Wed 17 Nov 1999
Space: The Ultimate Prize
Posted by Dennis Polhill under Opinion Editorials
1 Comment
Opinion Editorial
By Dennis Polhill
At no cost to taxpayers space technology is making its greatest strides since completion of the Apollo Mission. And the result may turn Colorado into the world’s space shuttle capital.
Since its creation in 1958 NASA continues to spend over $13 billion of taxpayer money annually. NASA has had many great successes. But the space shuttle has failed to reduce the cost of access to space via reusable launch technology. Each launch costs taxpayers close to $500,000,000. The space shuttle does allow the purchase of on-board lockers for conducting in-space experiments, but scheduling backlogs mean delays of years. Budget constraints are likely to yield fewer future launches. Recently asked what it would take to return to the moon, NASA responded by stating, 20 years. Those old enough, recall in the 1960s that the task took only 10 years when there was no experience and no technology to achieve it. NASA has evolved into a bureaucracy.
In July 1996 a group of Saint Louis business people put up $10,000,000 to fund the X Prize. The prize will be awarded to the private group that launches a reusable launch vehicle into space two times within fourteen days. Sixteen teams registered to compete. Pioneer Rocket Plane of Lakewood, Colorado is one of the contestants.
To succeed a new technological approach is needed. At $10,000 per pound old technology is too expensive.
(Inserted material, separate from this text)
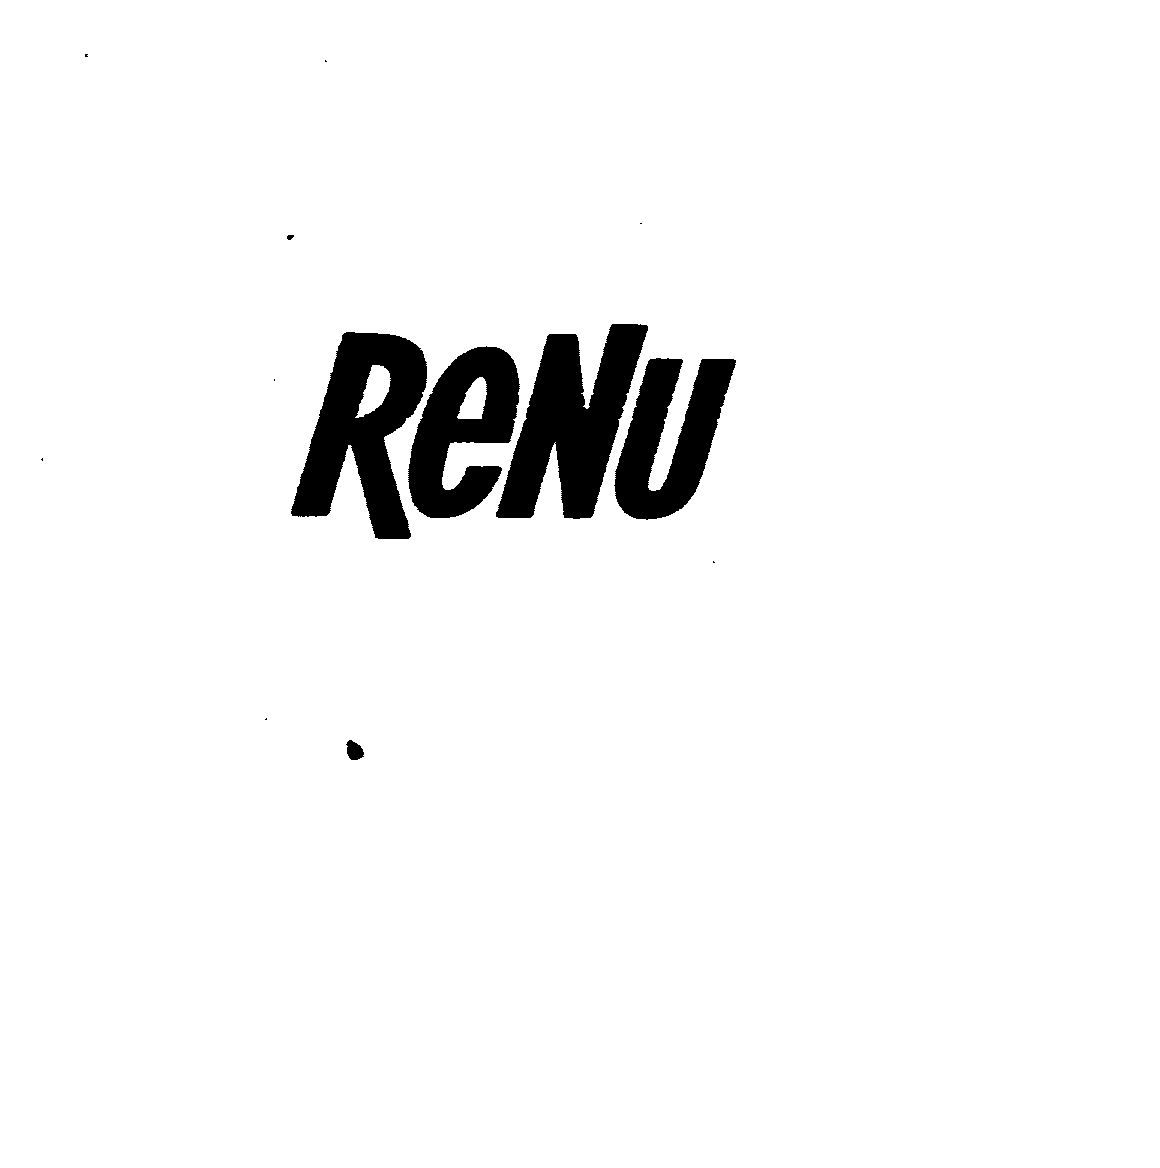 Trademark Logo RENU

The first stage of a three-stage rocket gets a payload only to about 100,000 feet altitude and consuming about 70% of the launch cost. Because air is a compressible fluid, it is heaviest near the surface of the earth and hard to move through. The new approaches use many different means to reach altitude before launching into space. Expectations are that the X Prize will be awarded before 2002 and launch costs will decline by as much as 90%. At $1,000 per pound dozens of new space markets will open from tourism and medical treatments to the manufacture of faster computer chips and better pharmaceuticals. The human race will experience a quality of life paradigm shift at least as significant as the invention of the microcomputer.
From a public policy perspective, the inevitable paradigm shift is less relevant than the leverage a few visionaries have exercised to motivate the change. There is no financial risk because the prize is not paid out unless and until there is success. In addition results are achieved for less than 0.1% of NASAs annual budget. The startling contrast deserves a closer look.
The notion of a prize being awarded to someone who successfully advances technology is not new. In 1714 maritime navigation was revolutionized 20 years after the British Parliament offered a 20,000 pound prize for development of an accurate clock that could be used at sea.
The December 1986 around the earth non-stop non-refueled flight by Voyager won $1,000,000. The Voyager was designed, constructed and flown by 2 innovators at a cost of $5,000,000. Design-only by one of the giant aerospace firms has been estimated at 20 times that amount.
Possibly, the most historically famous prize was the Orteig Prize. Raymond Orteig, a New York hotel entrepreneur, offered $25,000 in 1919 to the first team to fly an airplane from New York to Paris non-stop. The prize motivated numerous teams to compete. Together they spent about $400,000 to develop their respective approaches. The team lead by Charles Lindbergh succeeded on May 21, 1927. Lindberghs $25,000 cost was offset by the winnings. Orteig succeeded in stimulating 16 times as much research as he directly funded and automatically aligned himself with the winning technology and limited his financial exposure. Theoretically, he could have chosen to back Lindbergh directly instead of offering the prize, but then he would have had to decide in advance which technology held the best prospect of success and Lindberghs incentive to make his approach work cheaply and quickly would have been diminished. Because Lindberghs was not the most likely to succeed at the onset, it is likely that Orteig would have chosen another and the succeeding technology would not have been so quickly discovered.
In 20th century America hundreds of prizes have been offered. Most have been in the aerospace field. But to apply the prize idea to other technological fields such as environmental protection, environmental clean up, reusable energy, fuel cells, cleaner automobiles, traffic congestion, and many more all that is needed is leadership and will.
When government research labs consume taxpayer money like fuel on a campfire, at some point the question needs to be raised, can we achieve more with less?